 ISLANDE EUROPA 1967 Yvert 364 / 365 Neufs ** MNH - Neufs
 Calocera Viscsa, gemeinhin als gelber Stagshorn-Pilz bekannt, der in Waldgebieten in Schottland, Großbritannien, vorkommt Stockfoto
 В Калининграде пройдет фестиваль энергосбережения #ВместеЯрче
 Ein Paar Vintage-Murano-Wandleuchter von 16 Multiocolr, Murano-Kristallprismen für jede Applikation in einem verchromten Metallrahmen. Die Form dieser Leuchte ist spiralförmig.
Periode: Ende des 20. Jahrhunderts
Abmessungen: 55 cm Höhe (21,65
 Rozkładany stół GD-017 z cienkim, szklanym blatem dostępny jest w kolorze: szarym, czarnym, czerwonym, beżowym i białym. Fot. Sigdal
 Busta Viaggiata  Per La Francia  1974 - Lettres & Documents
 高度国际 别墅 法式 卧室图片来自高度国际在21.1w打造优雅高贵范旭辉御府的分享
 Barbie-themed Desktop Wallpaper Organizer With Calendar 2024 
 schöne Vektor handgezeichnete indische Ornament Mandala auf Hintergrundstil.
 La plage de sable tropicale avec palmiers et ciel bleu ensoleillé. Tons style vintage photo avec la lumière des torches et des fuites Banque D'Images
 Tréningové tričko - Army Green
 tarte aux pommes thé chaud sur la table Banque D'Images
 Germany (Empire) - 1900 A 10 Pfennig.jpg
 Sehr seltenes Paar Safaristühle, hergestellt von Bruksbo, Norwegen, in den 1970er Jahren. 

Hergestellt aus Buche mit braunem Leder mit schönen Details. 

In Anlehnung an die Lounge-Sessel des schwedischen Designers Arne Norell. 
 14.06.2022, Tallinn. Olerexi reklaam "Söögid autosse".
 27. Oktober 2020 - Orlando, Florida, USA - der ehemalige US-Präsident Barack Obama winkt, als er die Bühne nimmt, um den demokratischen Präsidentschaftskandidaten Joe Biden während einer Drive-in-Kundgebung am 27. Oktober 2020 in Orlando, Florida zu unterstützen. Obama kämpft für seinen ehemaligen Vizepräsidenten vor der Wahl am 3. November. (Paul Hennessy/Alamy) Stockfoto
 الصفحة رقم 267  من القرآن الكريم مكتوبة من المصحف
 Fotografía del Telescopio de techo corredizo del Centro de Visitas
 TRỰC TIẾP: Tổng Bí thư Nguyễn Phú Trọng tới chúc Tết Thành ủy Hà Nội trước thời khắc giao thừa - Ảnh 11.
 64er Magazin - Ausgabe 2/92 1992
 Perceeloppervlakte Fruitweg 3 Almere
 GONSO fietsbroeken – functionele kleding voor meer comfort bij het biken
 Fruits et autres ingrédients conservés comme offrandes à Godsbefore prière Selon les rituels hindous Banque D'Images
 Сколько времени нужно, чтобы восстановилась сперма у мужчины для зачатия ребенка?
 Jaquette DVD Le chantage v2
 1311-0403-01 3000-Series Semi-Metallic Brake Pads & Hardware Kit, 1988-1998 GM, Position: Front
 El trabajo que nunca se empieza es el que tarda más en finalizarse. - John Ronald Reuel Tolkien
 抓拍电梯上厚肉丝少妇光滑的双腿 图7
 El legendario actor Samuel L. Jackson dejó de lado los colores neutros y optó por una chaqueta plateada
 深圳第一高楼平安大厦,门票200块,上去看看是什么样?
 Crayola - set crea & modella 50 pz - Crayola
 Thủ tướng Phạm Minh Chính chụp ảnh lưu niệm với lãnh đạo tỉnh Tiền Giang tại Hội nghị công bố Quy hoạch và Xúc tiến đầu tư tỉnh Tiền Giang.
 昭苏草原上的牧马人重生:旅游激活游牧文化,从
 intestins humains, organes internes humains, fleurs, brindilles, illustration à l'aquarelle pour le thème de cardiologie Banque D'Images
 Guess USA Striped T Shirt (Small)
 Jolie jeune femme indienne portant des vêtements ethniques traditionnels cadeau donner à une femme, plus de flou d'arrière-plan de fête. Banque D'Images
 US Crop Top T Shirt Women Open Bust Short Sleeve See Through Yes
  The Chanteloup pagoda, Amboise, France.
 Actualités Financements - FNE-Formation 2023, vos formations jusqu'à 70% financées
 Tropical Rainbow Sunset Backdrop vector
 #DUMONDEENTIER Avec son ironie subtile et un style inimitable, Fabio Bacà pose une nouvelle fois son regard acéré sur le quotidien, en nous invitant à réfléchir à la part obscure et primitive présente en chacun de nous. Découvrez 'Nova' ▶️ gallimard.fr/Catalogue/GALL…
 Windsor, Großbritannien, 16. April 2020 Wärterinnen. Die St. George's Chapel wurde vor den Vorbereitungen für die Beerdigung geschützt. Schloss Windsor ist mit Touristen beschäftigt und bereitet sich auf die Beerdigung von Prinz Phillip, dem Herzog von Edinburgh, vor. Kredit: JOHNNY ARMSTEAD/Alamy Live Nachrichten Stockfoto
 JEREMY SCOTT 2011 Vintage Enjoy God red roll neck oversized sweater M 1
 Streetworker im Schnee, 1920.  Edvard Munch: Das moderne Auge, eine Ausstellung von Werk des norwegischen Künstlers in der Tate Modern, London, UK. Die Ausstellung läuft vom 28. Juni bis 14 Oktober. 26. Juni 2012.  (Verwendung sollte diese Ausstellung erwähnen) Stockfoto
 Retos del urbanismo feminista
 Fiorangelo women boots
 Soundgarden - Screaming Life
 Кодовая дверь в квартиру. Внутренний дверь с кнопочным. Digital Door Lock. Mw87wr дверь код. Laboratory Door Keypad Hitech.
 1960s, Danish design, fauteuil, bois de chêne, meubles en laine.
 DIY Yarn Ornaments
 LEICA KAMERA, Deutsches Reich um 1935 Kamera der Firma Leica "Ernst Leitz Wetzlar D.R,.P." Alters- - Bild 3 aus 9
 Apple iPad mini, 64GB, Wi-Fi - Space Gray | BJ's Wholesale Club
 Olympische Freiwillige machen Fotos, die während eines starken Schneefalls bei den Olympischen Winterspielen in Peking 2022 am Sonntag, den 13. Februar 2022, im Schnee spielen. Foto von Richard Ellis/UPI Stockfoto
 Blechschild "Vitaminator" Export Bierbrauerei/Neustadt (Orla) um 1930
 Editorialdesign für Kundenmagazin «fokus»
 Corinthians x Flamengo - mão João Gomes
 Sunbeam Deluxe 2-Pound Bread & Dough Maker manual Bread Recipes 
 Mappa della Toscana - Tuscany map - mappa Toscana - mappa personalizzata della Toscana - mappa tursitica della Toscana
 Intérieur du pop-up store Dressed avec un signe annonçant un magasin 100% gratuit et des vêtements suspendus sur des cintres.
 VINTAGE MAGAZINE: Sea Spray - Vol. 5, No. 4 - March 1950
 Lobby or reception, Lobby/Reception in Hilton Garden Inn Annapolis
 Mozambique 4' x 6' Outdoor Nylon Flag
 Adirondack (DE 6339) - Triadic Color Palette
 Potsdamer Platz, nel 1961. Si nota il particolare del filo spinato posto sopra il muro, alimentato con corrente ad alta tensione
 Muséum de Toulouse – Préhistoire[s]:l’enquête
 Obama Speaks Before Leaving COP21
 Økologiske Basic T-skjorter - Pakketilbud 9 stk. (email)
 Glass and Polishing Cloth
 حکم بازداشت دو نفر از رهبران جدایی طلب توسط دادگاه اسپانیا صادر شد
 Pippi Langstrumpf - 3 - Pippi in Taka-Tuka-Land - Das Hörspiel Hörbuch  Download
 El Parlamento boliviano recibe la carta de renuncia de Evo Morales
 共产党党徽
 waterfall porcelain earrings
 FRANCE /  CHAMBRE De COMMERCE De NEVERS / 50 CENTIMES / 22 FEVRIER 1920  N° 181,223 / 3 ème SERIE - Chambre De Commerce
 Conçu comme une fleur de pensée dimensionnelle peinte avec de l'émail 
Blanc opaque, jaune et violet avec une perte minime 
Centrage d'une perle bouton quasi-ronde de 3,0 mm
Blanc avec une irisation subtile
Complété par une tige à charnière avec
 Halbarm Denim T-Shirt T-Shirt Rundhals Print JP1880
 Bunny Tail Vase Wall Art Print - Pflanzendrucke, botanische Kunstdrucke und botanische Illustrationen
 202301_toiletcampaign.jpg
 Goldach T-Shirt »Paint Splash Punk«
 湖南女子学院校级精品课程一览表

----------

Description of the task |
Give an exact copy of the lines above from the line with "TRỰC TIẾP: Tổng" up to and including the line with "Jolie jeune femme", and leave everything else out.

Task output |
 TRỰC TIẾP: Tổng Bí thư Nguyễn Phú Trọng tới chúc Tết Thành ủy Hà Nội trước thời khắc giao thừa - Ảnh 11.
 64er Magazin - Ausgabe 2/92 1992
 Perceeloppervlakte Fruitweg 3 Almere
 GONSO fietsbroeken – functionele kleding voor meer comfort bij het biken
 Fruits et autres ingrédients conservés comme offrandes à Godsbefore prière Selon les rituels hindous Banque D'Images
 Сколько времени нужно, чтобы восстановилась сперма у мужчины для зачатия ребенка?
 Jaquette DVD Le chantage v2
 1311-0403-01 3000-Series Semi-Metallic Brake Pads & Hardware Kit, 1988-1998 GM, Position: Front
 El trabajo que nunca se empieza es el que tarda más en finalizarse. - John Ronald Reuel Tolkien
 抓拍电梯上厚肉丝少妇光滑的双腿 图7
 El legendario actor Samuel L. Jackson dejó de lado los colores neutros y optó por una chaqueta plateada
 深圳第一高楼平安大厦,门票200块,上去看看是什么样?
 Crayola - set crea & modella 50 pz - Crayola
 Thủ tướng Phạm Minh Chính chụp ảnh lưu niệm với lãnh đạo tỉnh Tiền Giang tại Hội nghị công bố Quy hoạch và Xúc tiến đầu tư tỉnh Tiền Giang.
 昭苏草原上的牧马人重生:旅游激活游牧文化,从
 intestins humains, organes internes humains, fleurs, brindilles, illustration à l'aquarelle pour le thème de cardiologie Banque D'Images
 Guess USA Striped T Shirt (Small)
 Jolie jeune femme indienne portant des vêtements ethniques traditionnels cadeau donner à une femme, plus de flou d'arrière-plan de fête. Banque D'Images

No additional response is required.